Deficiency of VISTA in macrophages and myeloid-derived suppressor cells has been shown to induce chemotactic paralysis through an elevation of the chemokines CCL3, CCL5, and CXCL10 by an unknown mechanism (Broughton et al., 2019). The authors proposed several possible mechanisms that may govern this phenomenon; however, syndecans or other HSPG core proteins were not considered. HSPGs are known to bind chemokines directly for immobilizing and retaining chemokines to the surface of endothelial cells to promote chemotactic migration of immune cells (Collins and Troeberg, 2019; Sarrazin et al., 2011). HSPG can also serve to promote cell surface retention of MCP-1 (CCL2), MIP-1α (CCL3), and Rantes (CCL5) to influence their cis interaction with cognate chemokine receptors on the same cell (Hoogewerf et al., 1997).
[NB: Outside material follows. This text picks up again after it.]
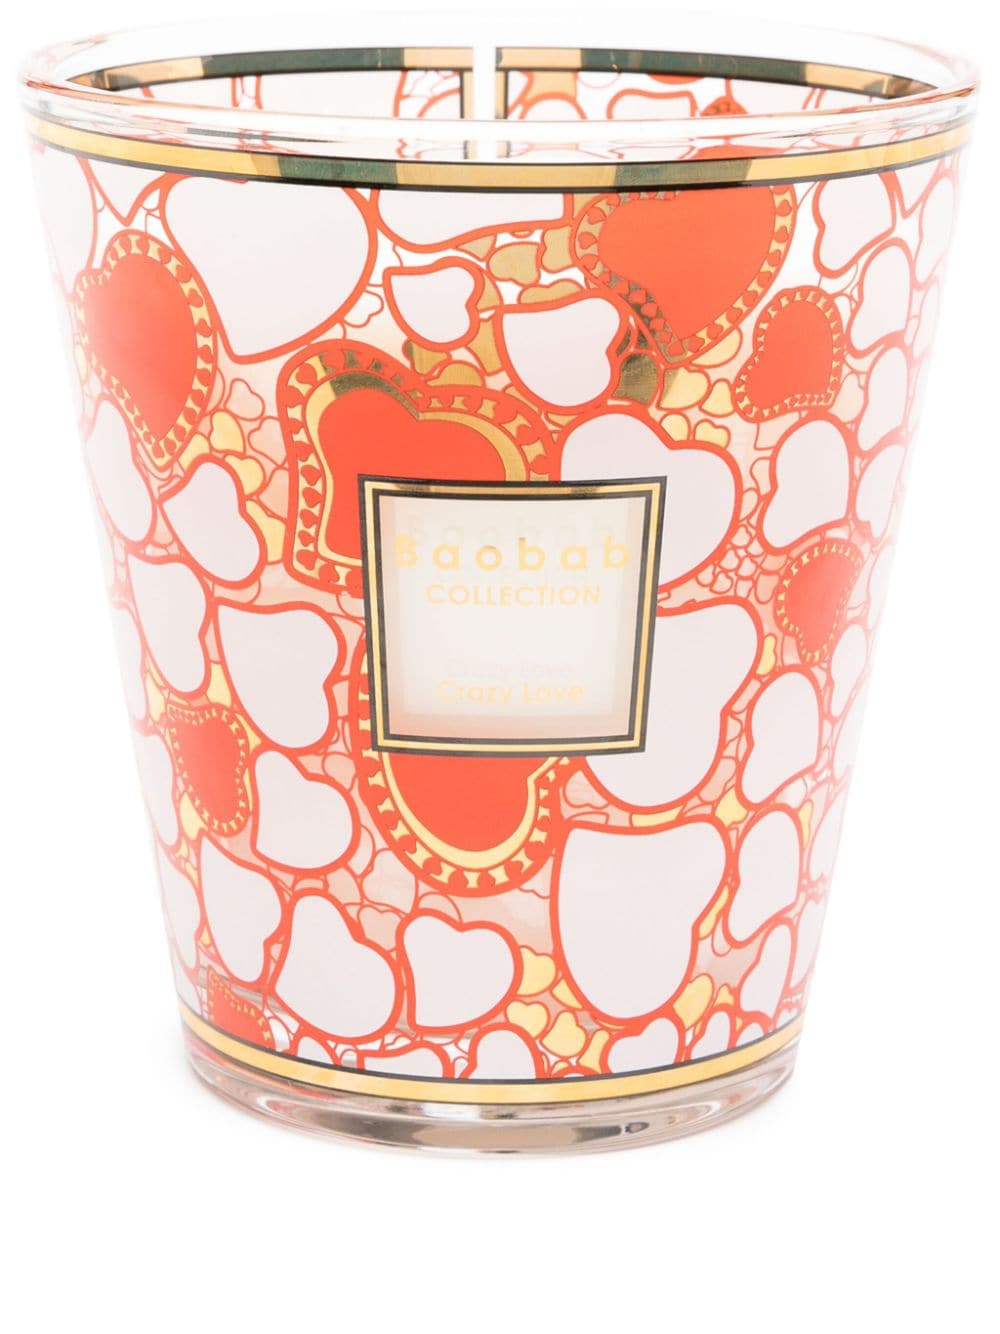 Baobab Collection Crazy Love Max 16 scented candle (1.1kg) - Red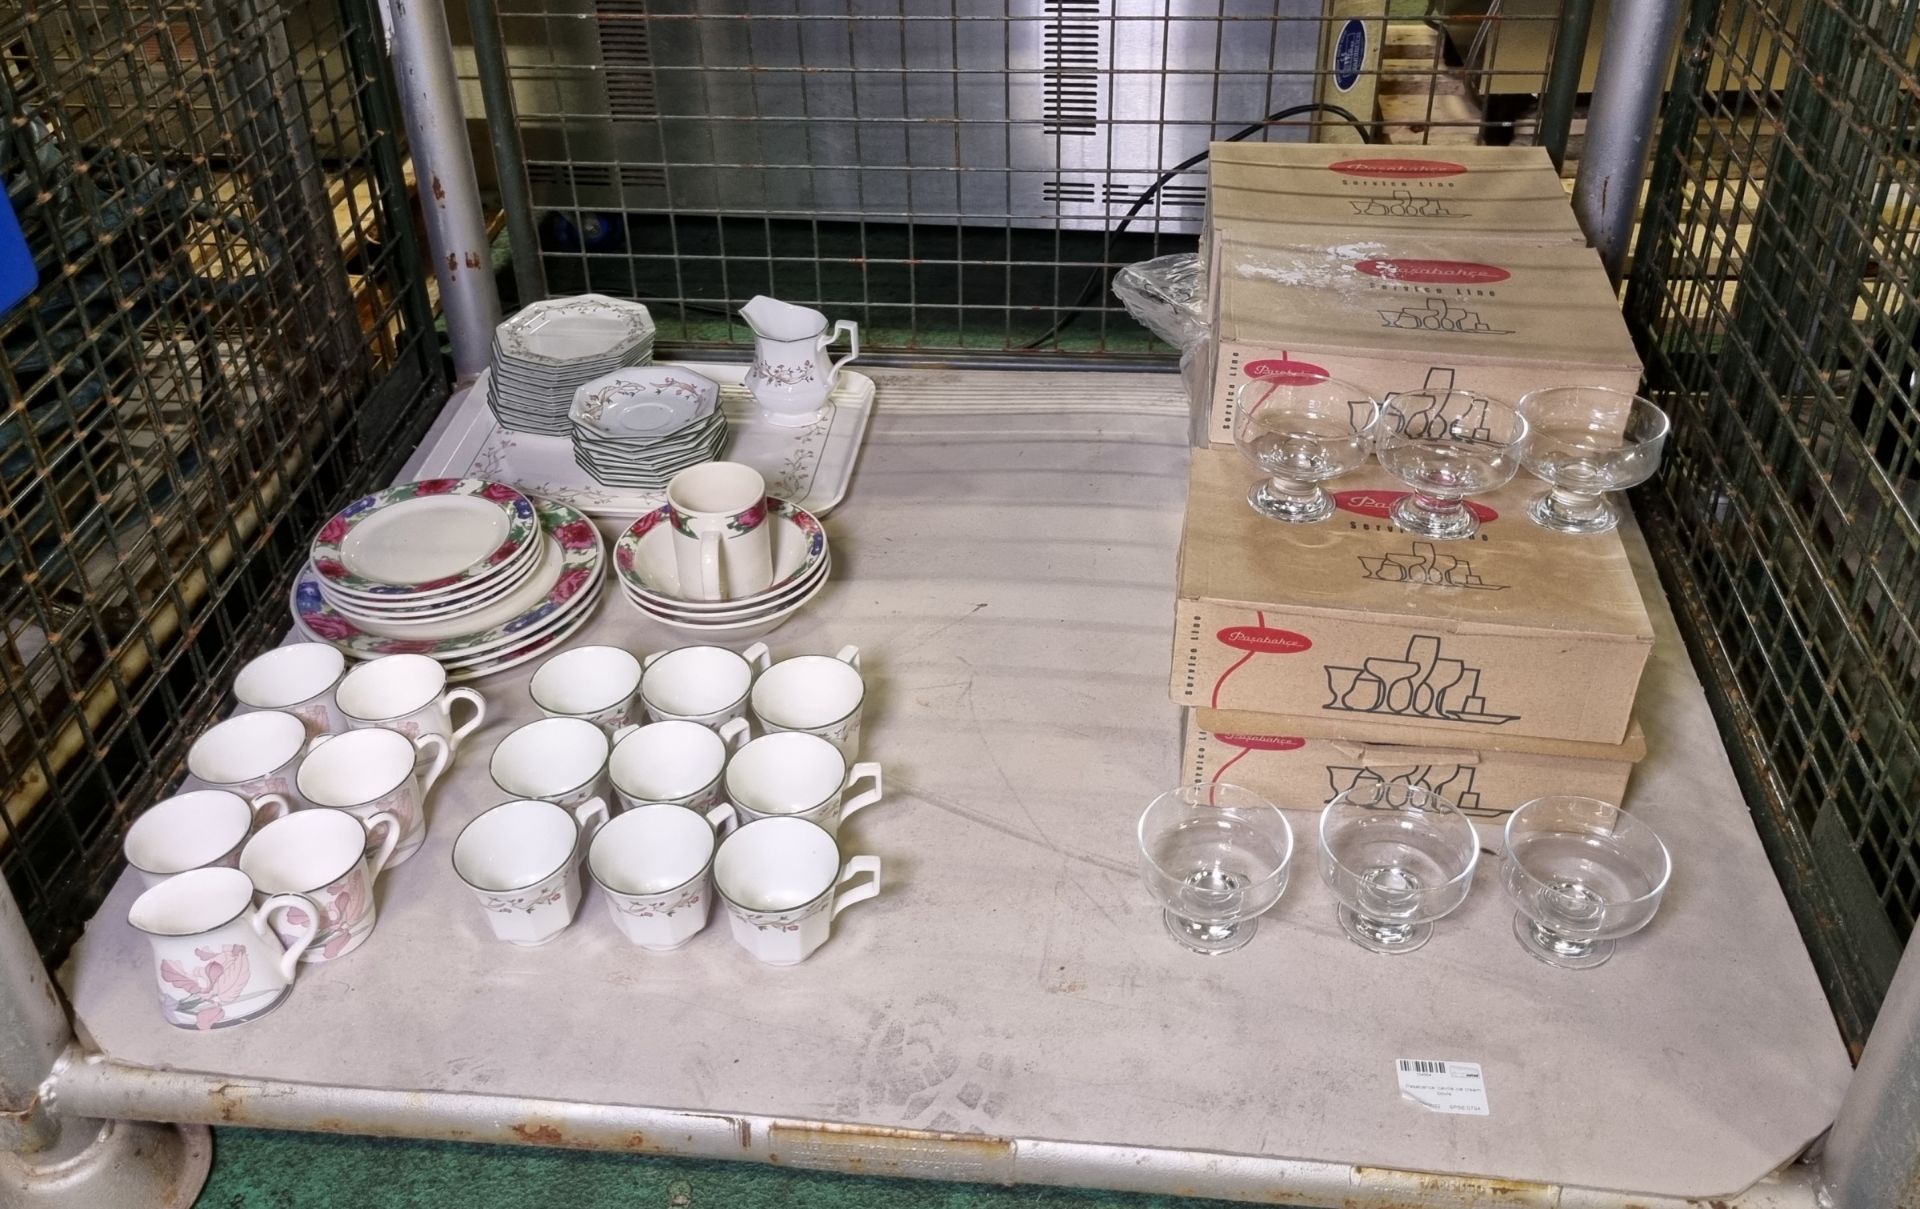 Decorative cups, saucers, plates and bowls, Pasabahce Iceville ice cream bowls

It stands to reason that VISTA interactions with Sdc2-HSPG may regulate monocyte biology through chemokine gradients and/or signaling. While the exact HSPG barcode remains undeciphered, a list of critical enzymes involved in Sdc2-HSPG specificity for VISTA are clearly defined. Data from the Korman group suggested that Chinese hamster ovary cell–specific HSPG could interact with VISTA (Johnston et al., 2019); however, our work outlines a more defined and physiologically relevant context that establishes the groundwork for further exploration into the importance of these interactions.
Materials and methods
Subjects and samples
The study was approved by the institutional review board at AbbVie Biotherapeutics. Human blood samples were collected from healthy donors who registered for the AbbVie Biotherapeutics Employee Blood Collection Program in Redwood City, CA. Whole blood was obtained in heparin-anticoagulated tubes (BD Biosciences) and then processed for staining on the day of collection.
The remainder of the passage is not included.